As of the last week in March, roughly one in six positions at Thomson were open — a minuscule difference from September's numbers.

"Now, we're actually pushing for a higher retention rate," Zumkehr said. "In the last six months since we've had the retention, we've also lost over 75 employees that either quit the bureau or transferred to different institutions." 

He says part of the issue is that Thomson continues to cut jobs due to short staffing and budget cuts, leaving the remaining employees few options for upward mobility. 

Zumkehr remembers three years ago, when the prison dissolved its shakedown team whose sole job was to search for contraband. Then in the last two months, union job reports show five more positions were cut. 

"One was a case manager, the other was a counselor. We had two comm-techs. Those are jobs that normally people inside the prison would promote up to (and) they're no longer there," Zumkehr said. 

It's why the union is now pressing the bureau to approve a 35% retention bonus and to implement new a new mail screening program for safety purposes. 

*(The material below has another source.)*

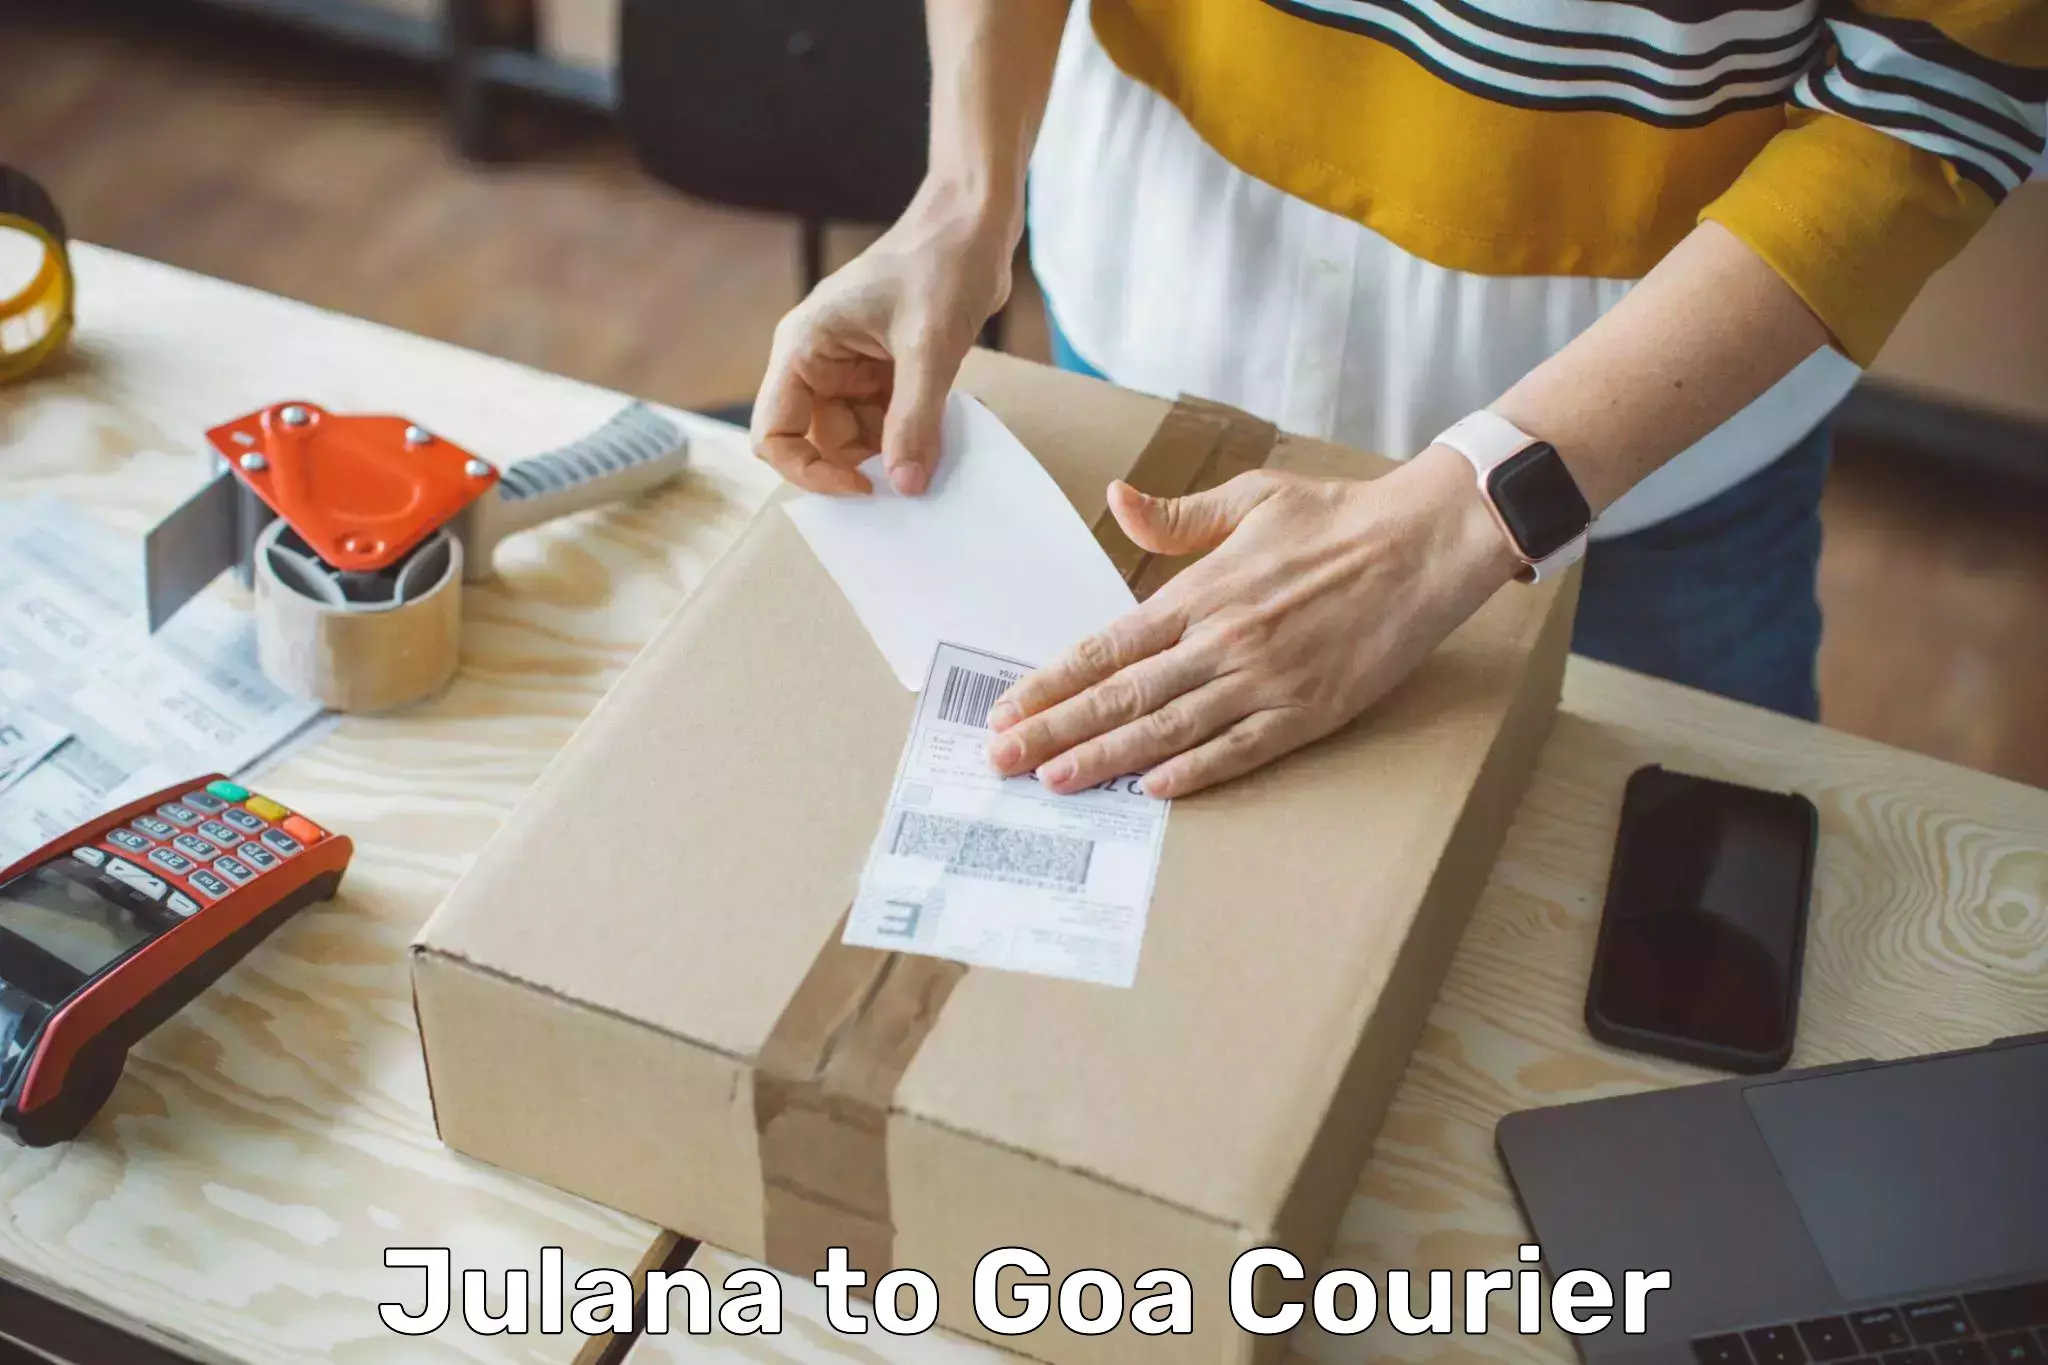 Rural area delivery Julana to Goa

"What we are proposing and pushing for is a mail guard system where the mail gets sent to a third party facility and it never comes into the prison," Zumkehr said. 

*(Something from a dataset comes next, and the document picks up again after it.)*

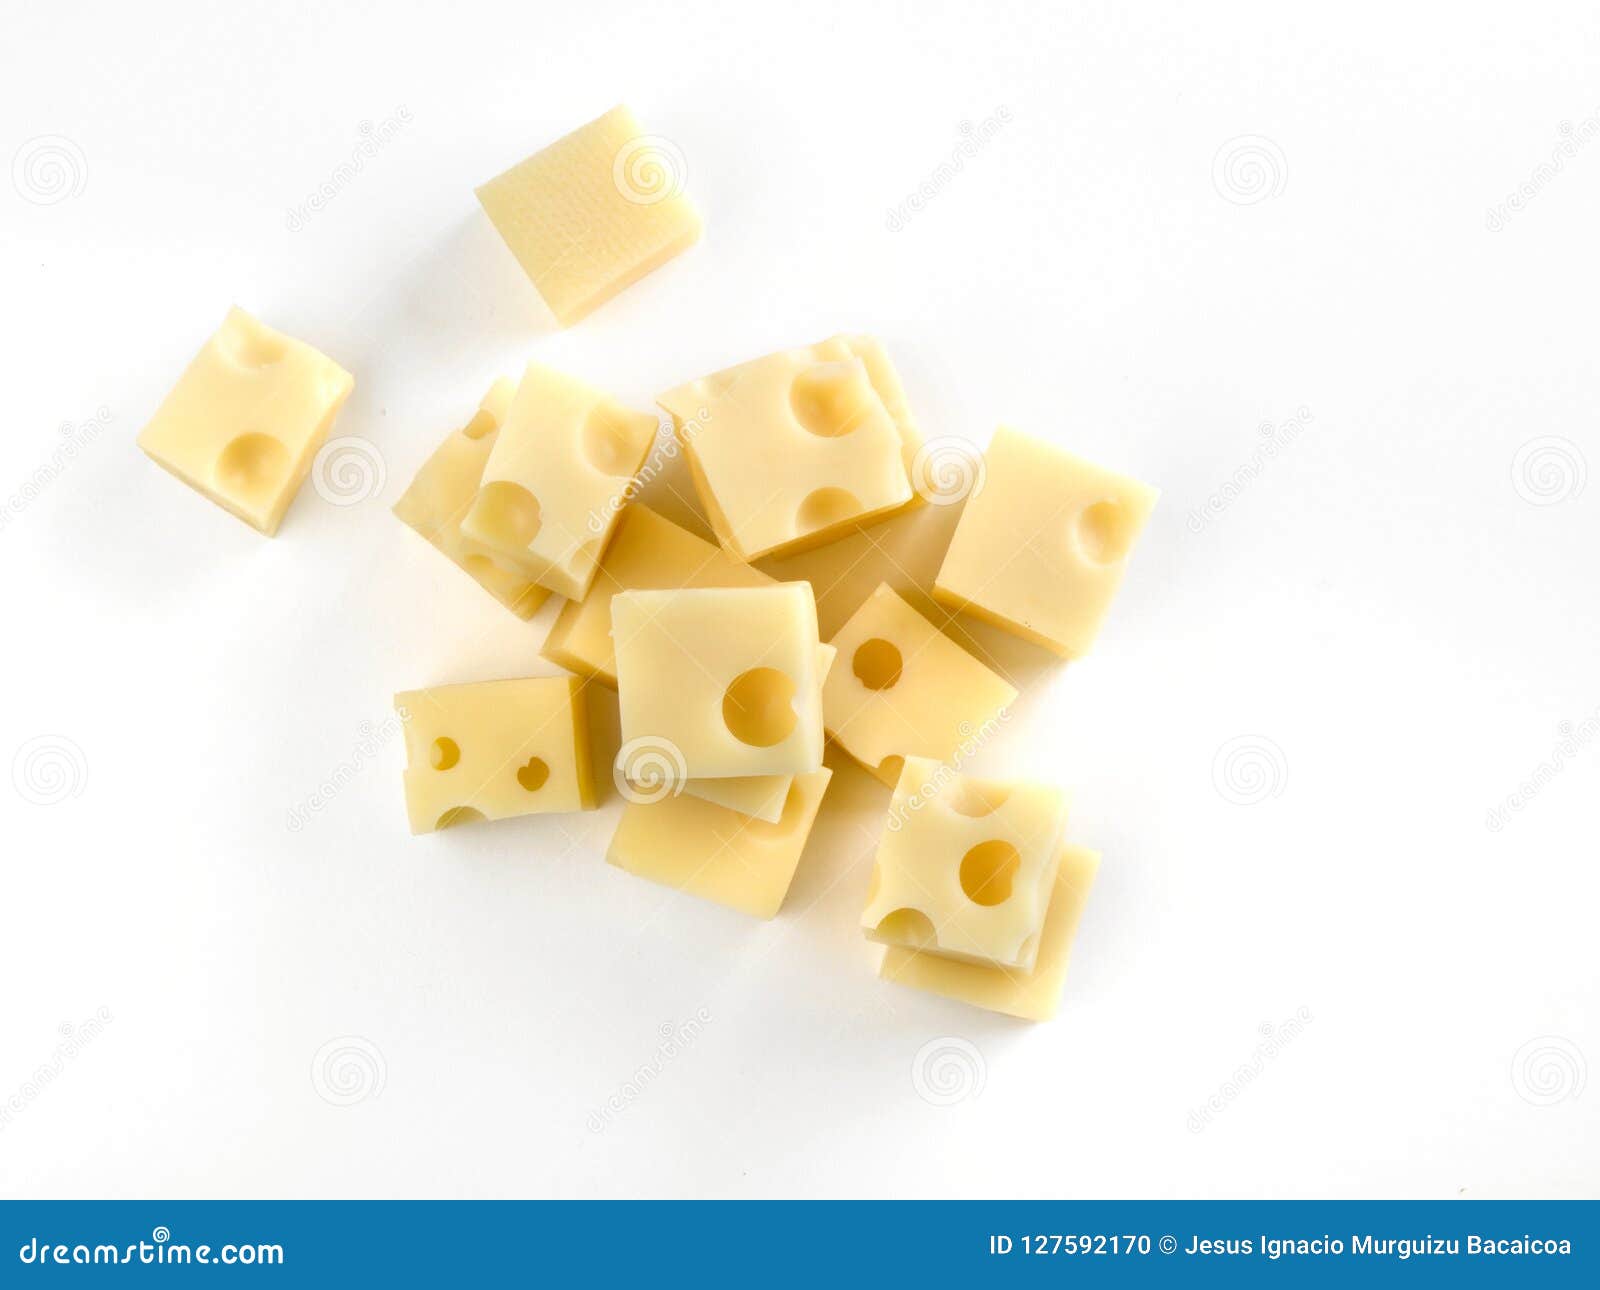 gruyere cheese cubes seen from above on a white table

RELATED: Union asks for more protections for officers, drug detection equipment at USP Thomson

But it's not just Local 4070 that's asking. The national AFGE Council of Prison Locals union wants the bureau to implement a mail guard system at every federal penitentiary in the country. 

"We're starting to see these exposures again and that's more staff going to the hospital. Inmates themselves are overdosing," said Shane Fausey, national president of AFGE Council of Prison Locals. "At Thomson, if you put a mail guard program in place, that seriously hinders an inmate's ability to introduce hazardous narcotics." 

Fausey says prison mail is used to move all kinds of drugs, saying sometimes narcotics are hidden in a letter's ink. 

To combat, a mail guard system would scan and upload each letter and send that version over to the prison, as opposed to the original.

"The hazardous contraband never arrives on the property. So there is zero potential for an exposure because it can't even access the Thomson facility," Fausey said. 

He estimates that implementing such a program at all 122 federal prisons would cost the bureau roughly $60 million. In the fiscal year 2021, the FOB's budget totaled $7.7 million

"We share the same postal service as the rest of the community," Fausey said. "I would cringe at the possibility of a shipment of fentanyl heading to a federal prison and ending up in an elementary school. But truly, that is how serious it is."

Ultimately, all of these decisions will be up to federal officials. But Zumkehr and his union are hopeful that relief will come sooner rather than later. 

"If we have more staff at the prison, we have more programs at the prison. We keep the inmates busy," he said. "That's the whole point of what programming and rehabilitation is about."